Added
- Several new datasets. Thanks to all the
[contributors](https://github.com/tensorflow/datasets/graphs/contributors)!
- Support for nested `tfds.features.Sequence` and `tf.RaggedTensor`
- Custom `FeatureConnector`s can override the `decode_batch_example` method
for efficient decoding when wrapped inside a
`tfds.features.Sequence(my_connector)`.
- Beam datasets can use a `tfds.core.BeamMetadataDict` to store additional
metadata computed as part of the Beam pipeline.
- Beam datasets' `_split_generators` accepts an additional `pipeline` kwargs
to define a pipeline shared between all splits.
Changed
- The default versions of all datasets are now using the S3 slicing API. See
the [guide](https://www.tensorflow.org/datasets/splits) for details.
- `shuffle_files` defaults to False so that dataset iteration is deterministic
by default. You can customize the reading pipeline, including shuffling and
interleaving, through the new `read_config` parameter in
[`tfds.load`](https://www.tensorflow.org/datasets/api_docs/python/tfds/load).
- `urls` kwargs renamed `homepage` in `DatasetInfo`
Deprecated
- Python2 support: this is the last version of TFDS that will support
Python 2. Going forward, we'll only support and test against Python 3.
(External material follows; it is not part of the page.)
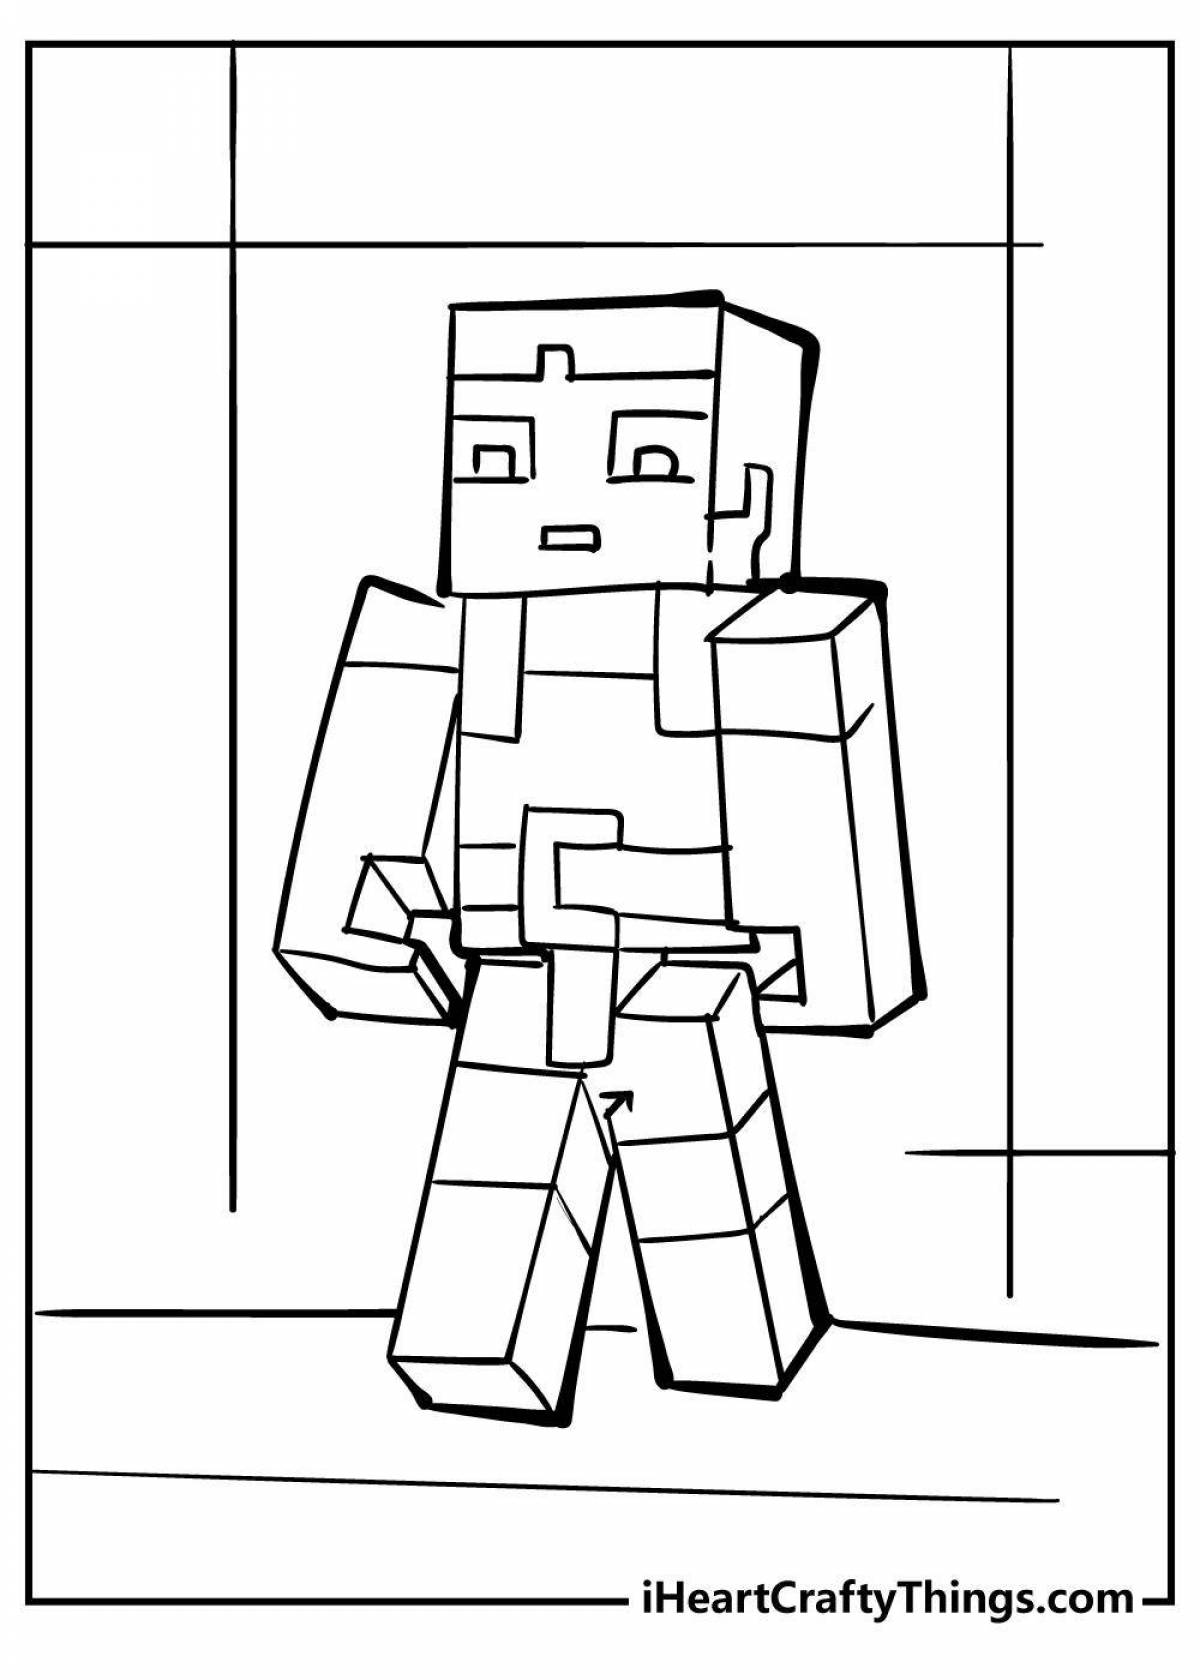 Exciting minecraft dungeon coloring

- The previous split API is still available, but is deprecated. If you wrote
`DatasetBuilder`s outside the TFDS repository, please make sure they do not
use `experiments={tfds.core.Experiment.S3: False}`. This will be removed in
the next version, as well as the `num_shards` kwargs from `SplitGenerator`.
Fixed
- Various other bug fixes and performance improvements. Thank you for all the
reports and fixes!